Health care spending has grown at roughly twice the rate of inflation for decades. And now that the eldest baby boomers are hitting their mid-60s, they will certainly drive spending even higher.

Employers and governments are crying “Uncle,” and the number of uninsured Americans has continued to climb.

The health reform law tries to deal with that rising spending by driving down the rates the federal Medicare program pays to doctors and hospitals and by changing the way those payments are made to make the hospitals more financially responsible for the health of their patients.

Those trends—lower reimbursements and more risk-bearing by hospitals—are bound to continue even without the law, said Ed Abel, a hospital accountant at Indianapolis-based Blue & Co.

“The law pushes it quicker, but what the law doesn’t do, private industry will,” he said.

Indeed, Funtleyder agreed that hospitals have the most to lose before the Supreme Court. The legal challenge, brought by 26 states, argues that the law’s expansion of Medicaid coverage (to an estimated 15 million more people) and its requirement that nearly all Americans buy health insurance (expected to add another 15 million customers), are both unconstitutional.

Losing out on those new customers will hurt hospitals and, to a lesser extent, pharmaceutical companies, which have built their business models on ever-rising consumption of health care.

“So in our view the innovators and cost controllers will do well under almost any scenario while the over utilizers will not,” Funtleyder added.

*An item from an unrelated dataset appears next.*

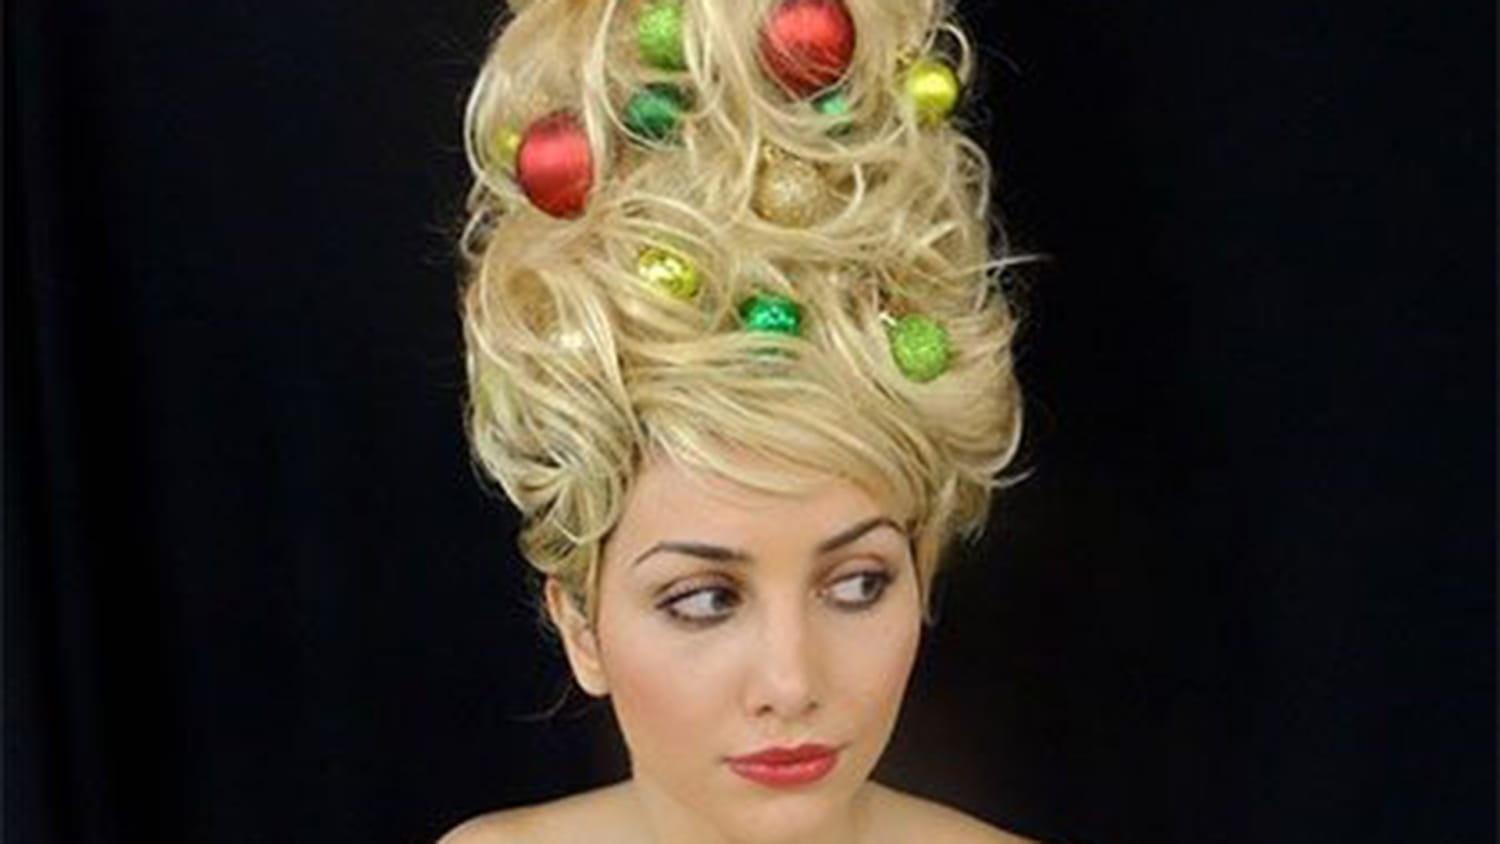 Christmas tree hair is the new holiday trend

That means companies using information technology to make health care more efficient will likely see more investment and growing sales. Indianapolis-based WellPoint Inc., for example, has partnered with IBM to use its Watson supercomputer to recommend treatment options and diagnoses to doctors. WellPoint hopes it improves care and therefore saves money.

But WellPoint—and its peers and investors—are particularly concerned that the Supreme Court will decide to strike down part of the health reform law and leave other aspects in place.

In addition to the “individual mandate” that requires nearly all Americans to buy health insurance, the health reform law also requires insurers to accept any willing customer, regardless of that person’s health condition.

If the insurers were required to take all comers—but Americans were allowed to wait to get sick before buying coverage—they could find themselves with huge new costs without much new revenue.

Funtleyder expects the Obama administration and Congress to step in before that happens, but he acknowledges his is a minority view on Wall Street.

For medical-device companies such as Bloomington-based Cook Group and Warsaw-based Zimmer Holdings Inc., seeing the law completely overturned would be preferable. They have argued strenuously against a 2.3-percent tax on their revenue that the law will institute.

On top of that, most medical-device makers sell directly to hospitals, not to patients. So having 30 million more people with health insurance doesn’t obviously benefit them. Either way, however, medical-device companies know their innovations of the future must help health care providers save money, not just extend or improve patients' lives.

The Supreme Court will take up the individual mandate on Tuesday and the expansion of Medicaid on Wednesday. It is expected to issue a ruling in late June or early July.